{shortcode-1f2eb5c33a386cabd6640ceba2854e96858e543b}
The Caselaw Access Project published nearly seven million cases from the Harvard Law School’s collections online on March 8, concluding a nine-year process to digitize the HLS Library’s archive of court cases.
The Caselaw Access Project, also known as CAP, aimed “to make all published U.S. court decisions freely available to the public online in a consistent format, digitized from the collection of the Harvard Law School Library,” according to the project’s website.
The recent release of cases has culminated in “360 years of United States caselaw” accessible to the public, according to the project’s website. This includes all “official, book-published state and federal United States caselaw through 2020,” with the first case dating back to 1658.
Jack Cushman, the project’s director, said that the impetus behind the effort was a desire to make caselaw more accessible to the public. In the past, few people beyond lawyers had access to expensive caselaw databases and could view important legal decisions.
This project, according to Cushman, sought to level the playing field.
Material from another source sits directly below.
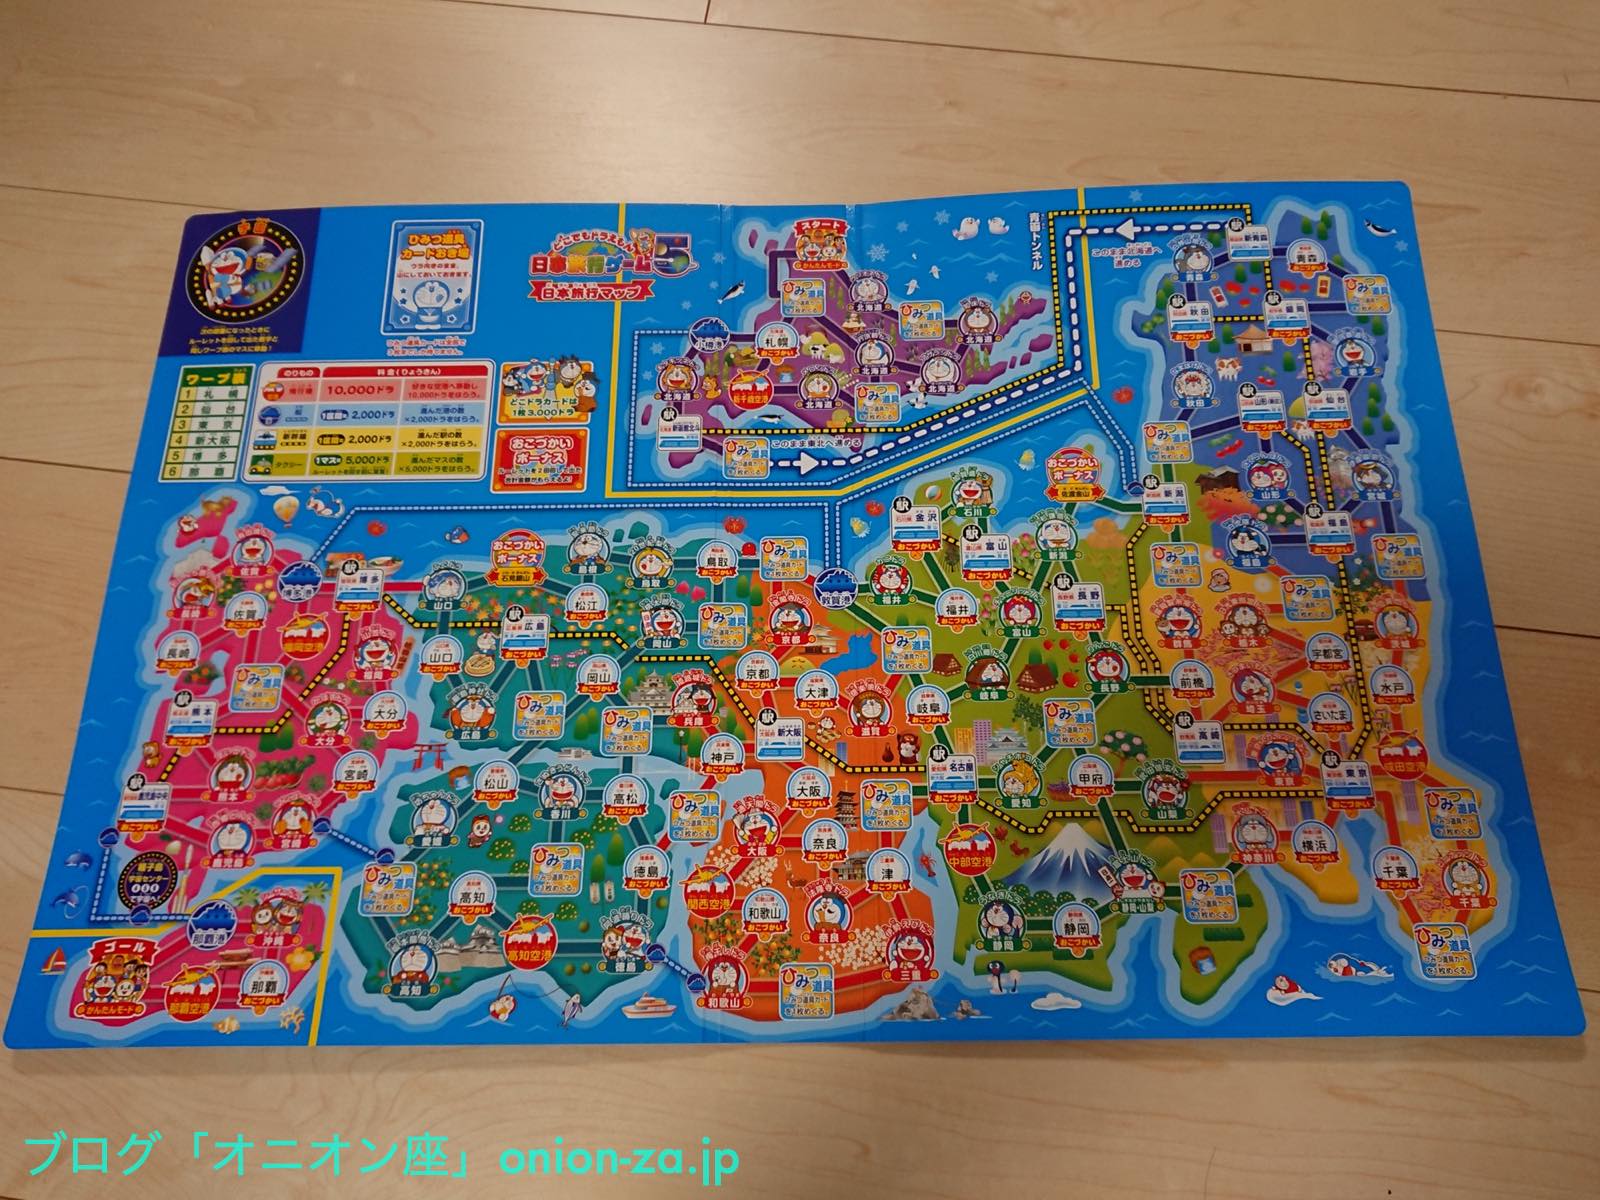 ステイホーム！お家で遊べるすごろくゲーム「どこでもドラえもん日本旅行ゲーム5」をやってみた - パパママ世代応援ブログ：オニオン座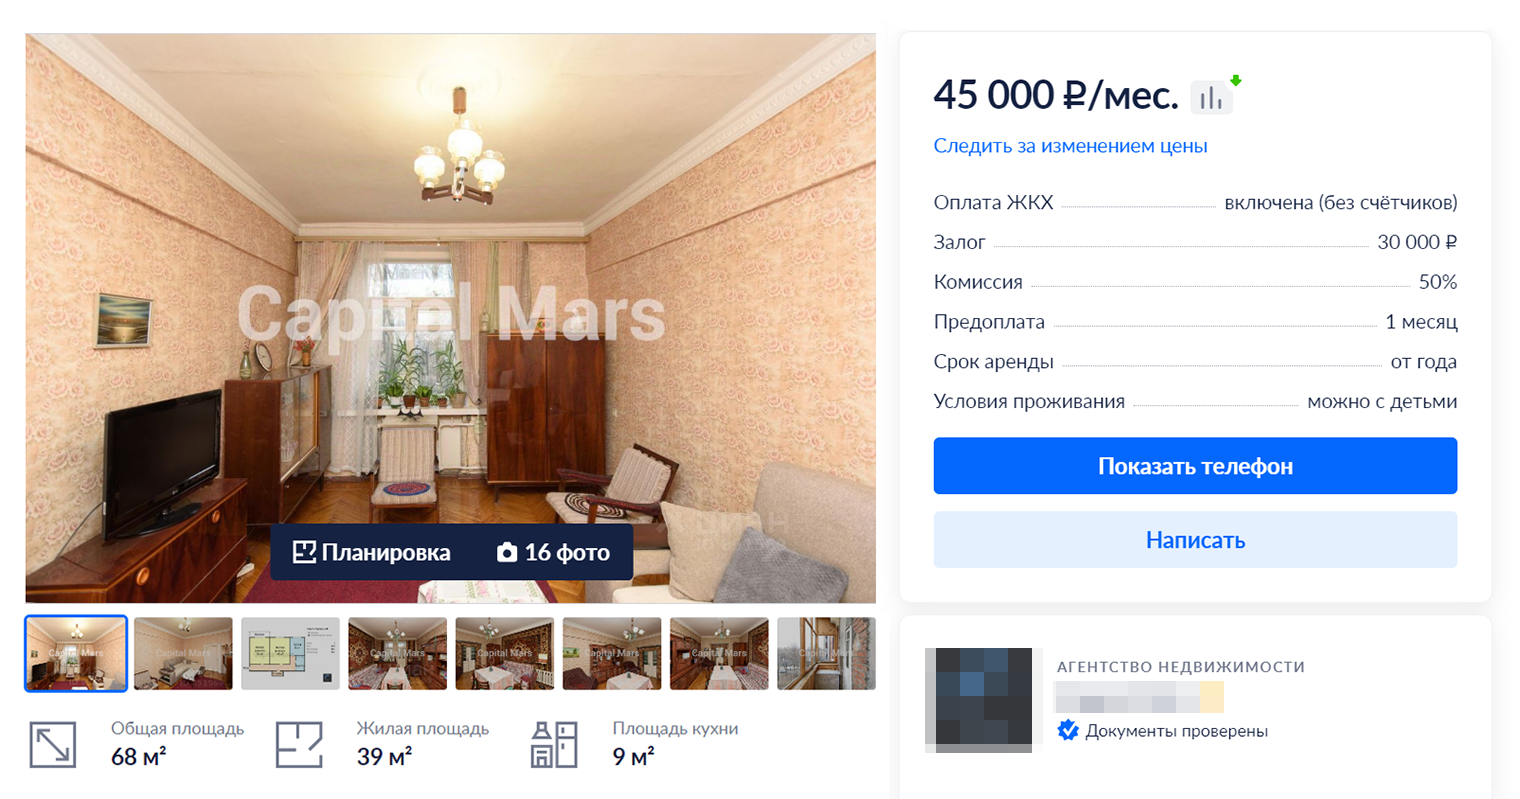 Несмотря на то что в этой квартире ремонт еще хуже, она дороже, так как здесь 68 м², а не 43 м². Источник: cian.ru

Cushman said he believed it was important “for everyone to have access to the law of the land.”
CAP launched in 2015 through a partnership with Ravel Law, a legal research and analytics startup company. Per the terms of the partnership, CAP received financial support in exchange for Ravel obtaining eight years of exclusivity with the caselaw documents, according to Harvard Law Today, a school-run publication.
This project falls under the initiatives of the Law School’s Library Innovation Lab, “a forward-looking group of thinkers and doers working at the intersection of libraries, technology, and law,” according to the organization's website. The LIL facilitated the delicate process of digitizing case files for the project.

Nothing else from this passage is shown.